[Given material]:

+ + + + +

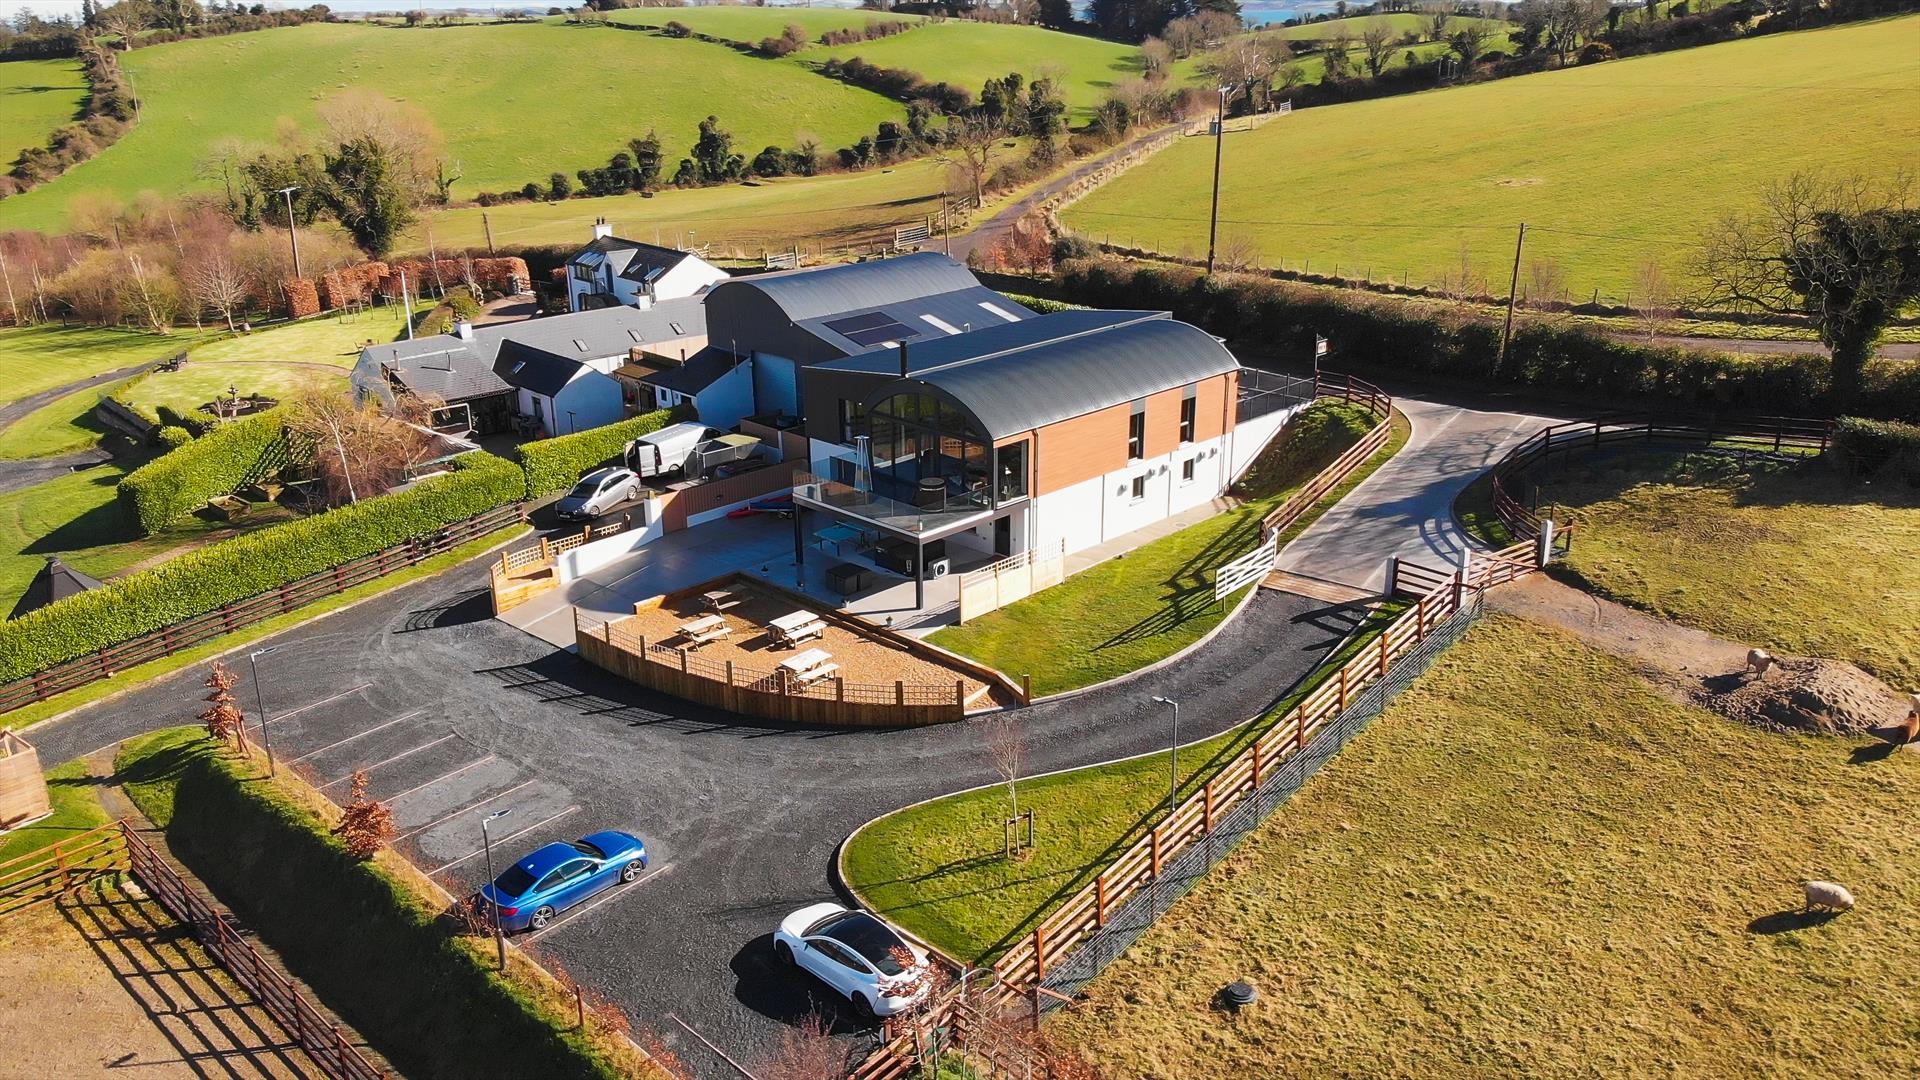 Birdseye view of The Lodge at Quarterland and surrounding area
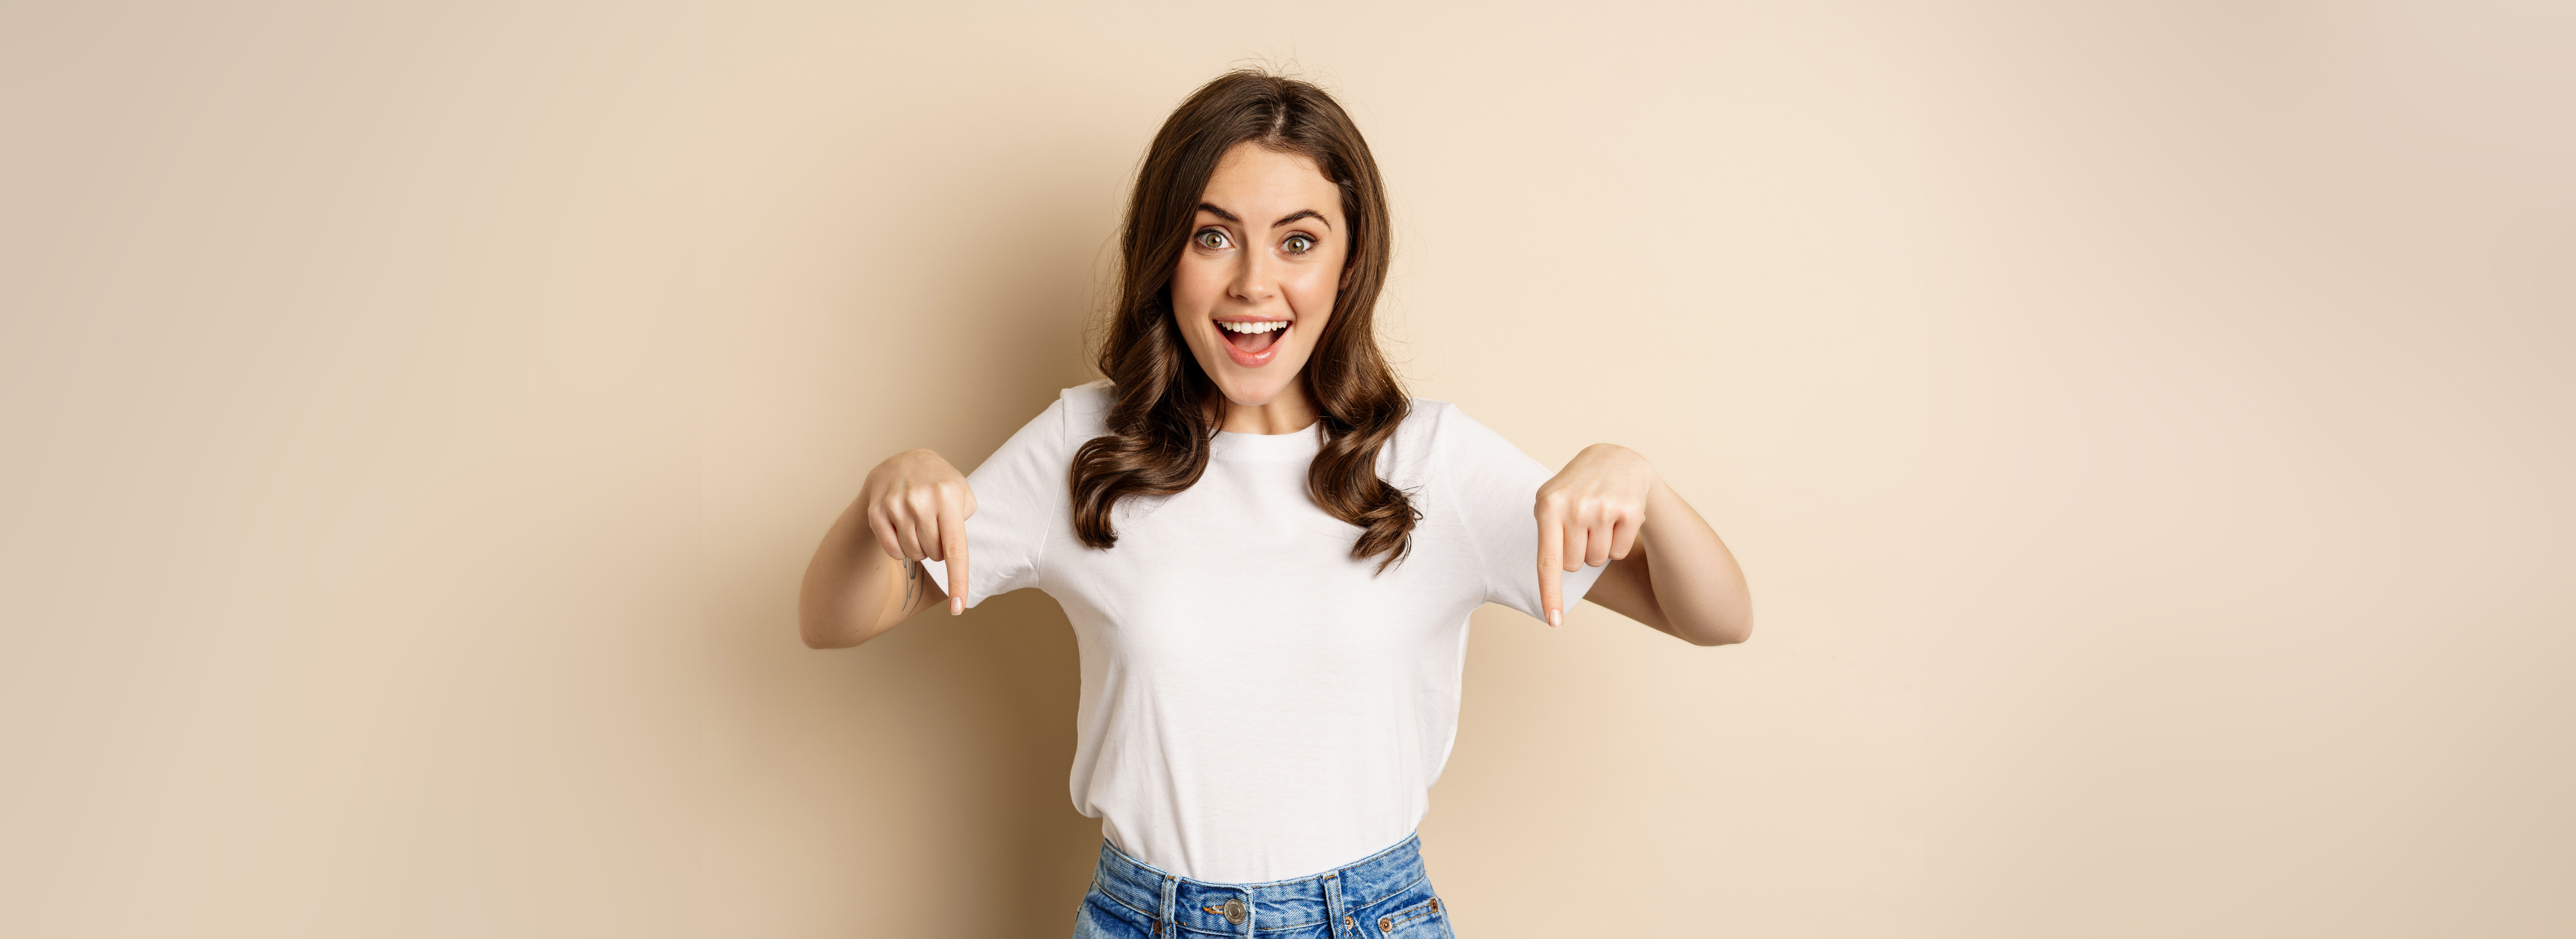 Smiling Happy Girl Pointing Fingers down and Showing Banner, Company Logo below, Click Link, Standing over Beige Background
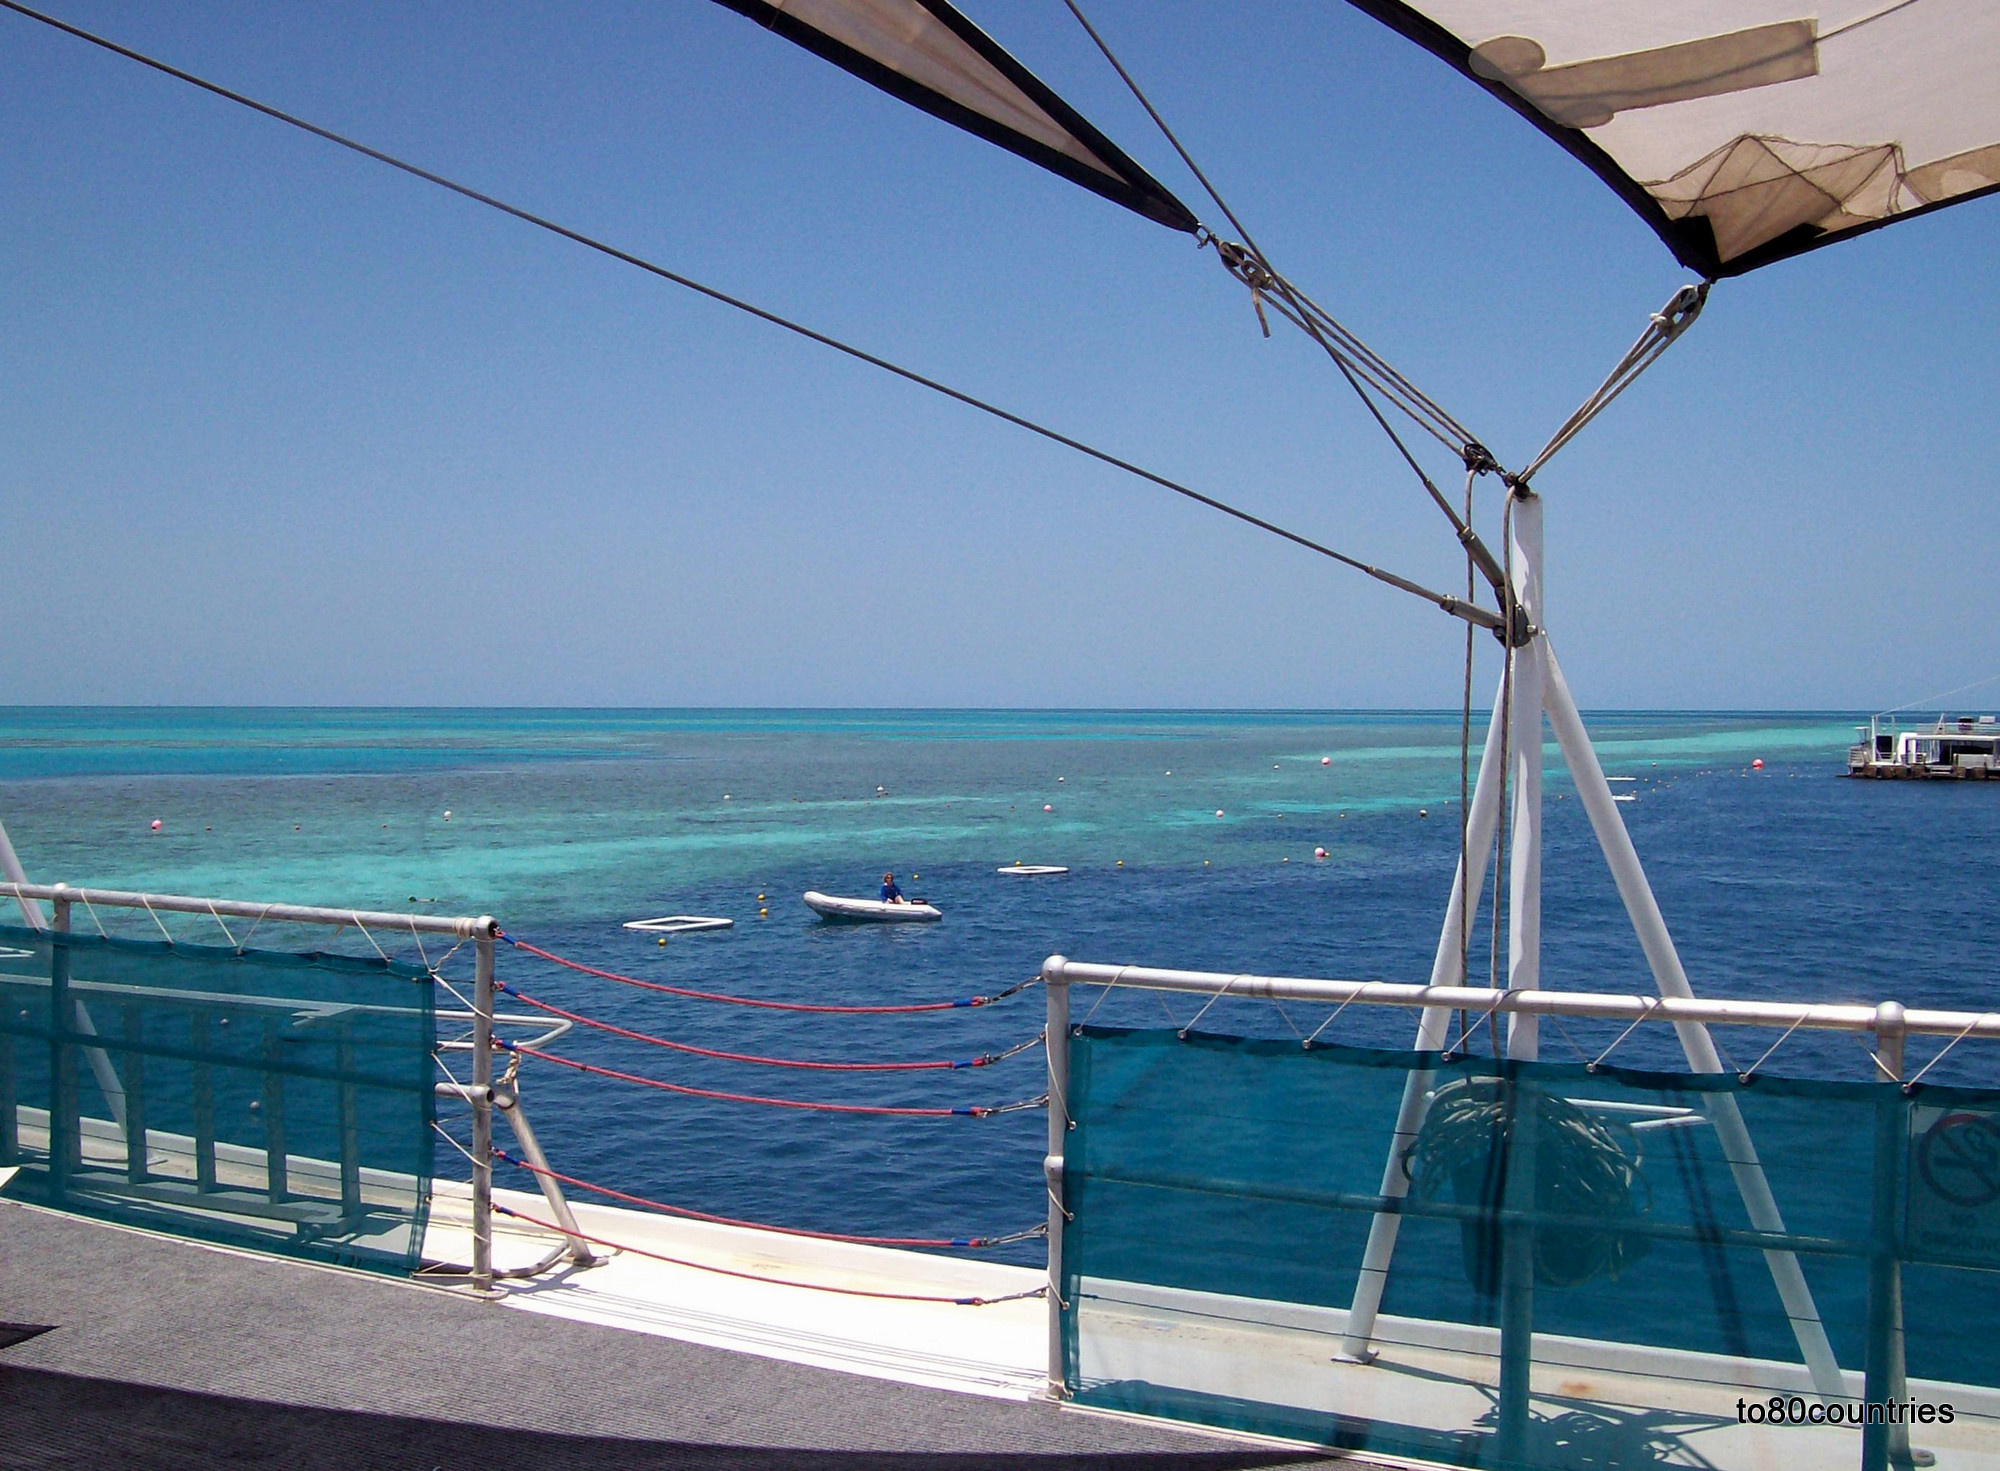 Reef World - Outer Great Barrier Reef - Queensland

+ + + + +

[Requirement]: Any picture in the material is to be dropped; the rest is repeated exactly.

[Final answer]:
 Birdseye view of The Lodge at Quarterland and surrounding area
 Smiling Happy Girl Pointing Fingers down and Showing Banner, Company Logo below, Click Link, Standing over Beige Background
 Reef World - Outer Great Barrier Reef - Queensland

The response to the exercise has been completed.